What is a sole trader?
'A sole trader is a person who sets up and owns their own business. They may decide to employ other people but they are the only owner. A sole trader has unlimited liability'
As a sole trader, your business is owned entirely by you, grown by you and ultimately succeeds or fails by you. This also means you are entitled to all profit that the business makes.
Becoming a sole trader is simple. All you have to do is register your business name and you can start trading.
There are huge incentives to becoming a sole trader but with them come terrifying or - depending on your personality - gratifying, side effects.
Some of the most famous entrepreneurs in the UK started out as sole traders. From Lord Sugar, who launched his first business with £100 selling aerials out of the back of a van, to Duncan Bannatyne, who started his entrepreneurial career with an ice cream van back in the eighties.
The benefits of being a sole trader
- Any profit after tax that the business makes is yours to keep
That's right. You are the sole owner and any money you make whether it's £10m or 10p will land squarely in your pocket.
- You have full control over your business
Forget pushy investors. As a sole trader, no one can tell you what to do. Your business and your future are in your hands. This not only makes decision making faster but also means if it goes wrong there'll be no one breathing fire down your neck. Plus you set your own targets for growth.
- Improved customer service
Sole traders can offer a more personalised approach to their customers. You are the only person the customer interacts with. This can result in strong relationships that can turn one-off customers into loyal repeat buyers of your products or services.
To register yourself as a sole trader all you need to do is inform HRMC that you intend to be self-employed and you can start trading straight away.
Accountants generally charge lower rates for sole trader accounts as there is less work for them to do. As a sole trader all you're required to complete is a profit and loss account.
- If you feel like taking a day off, you can
PR consultant Michelle Bayliss has been a sole trader for 19 years. She believes that, "Having the freedom to strike a perfect balance between work and social life is the best thing about being a sole trader."
The challenges of being a sole trader
As a sole trader the law sees you and your business as one. This means should your business fall on hard times and find itself in debt, you as the business owner will be liable. If the business is declared bankrupt, your personal assets are on the line. This also applies if a customer sues your business. In the eyes of the law, they're suing you.
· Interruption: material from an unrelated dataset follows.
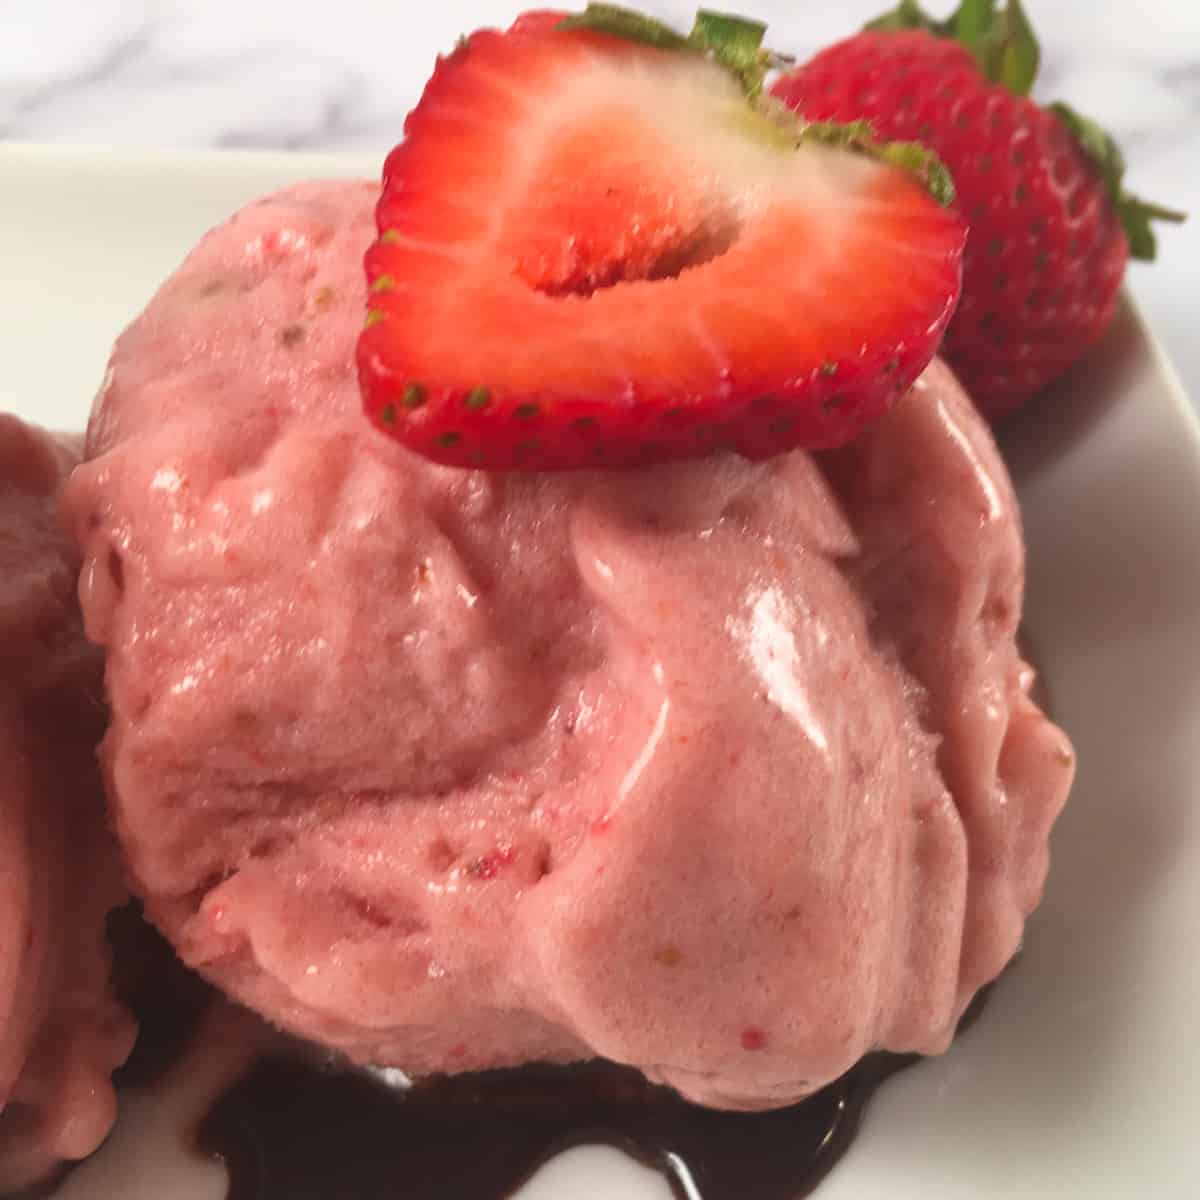 strawberry nice cream scoop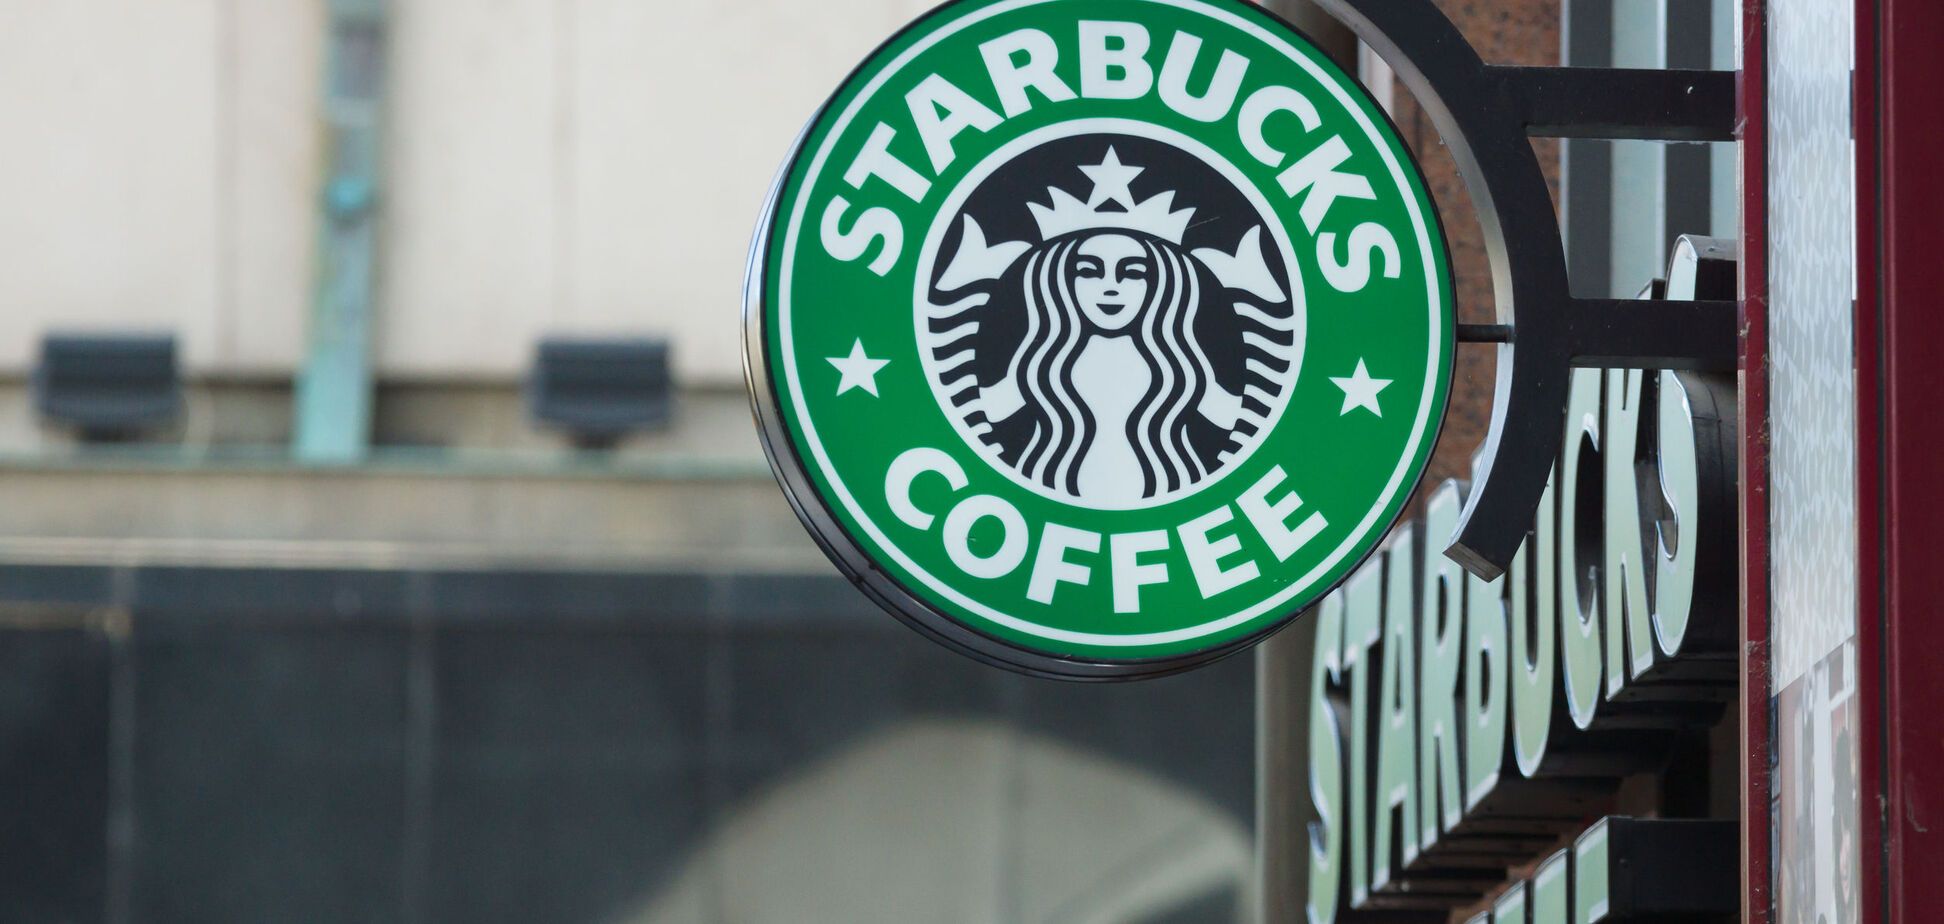 Знаменитая сеть кофеен в США попала в расистский скандал

As a sole trader responsibility for everything comes down to you. You make the decisions. The success or failure of the business rests on one person's shoulders: yours.
- You must be a self-starter
You have to do every job required from sales to web development. There's no one there to help you out when you're busy. It's down to you to stay on top of everything, which inevitably means working longer hours to make sure everything's in order.
Sole trader Jane Lee owns Dexterity.com and is a technology pr consultant. She confesses, " I can get lonely and it's hard to maintain morale when work isn't going smoothly."
- If you don't work, you don't get paid
Although you can book holidays or have a day off sick without anyone having to seek approval, it also means that your business is shut down when you do so.
How to get a grant as a sole trader
There are over 6,000 grants available for UK businesses and many of them specifically target sole traders. Grants are a great way of funding your business as they can provide capital for specific projects. Most importantly, the money doesn't have to be paid back.
Qualifying for a grant can also give banks confidence in you and your business, which could lead to extra funding.
To find out more information and apply for a grant click here.
The sole trader small print
- Remember, as a sole trader, your profits are taxed as income you must keep records showing your business income and expenses.
- You have to pay fixed-rate Class 2 National Insurance Contributions (NICs) regardless of any profits you make.
- Although, if your earnings are below £5,315 per year (2011-2012) you might not nee to pay.
- You will pay Class 4 NICs (7% on annual profits between £7,225 and £42,475 (2011-12) and 2 per cent on any profit over that amount) on any profits.
- You need to register for Self Assessment and complete a tax return each year (link to the register for self-assessment article.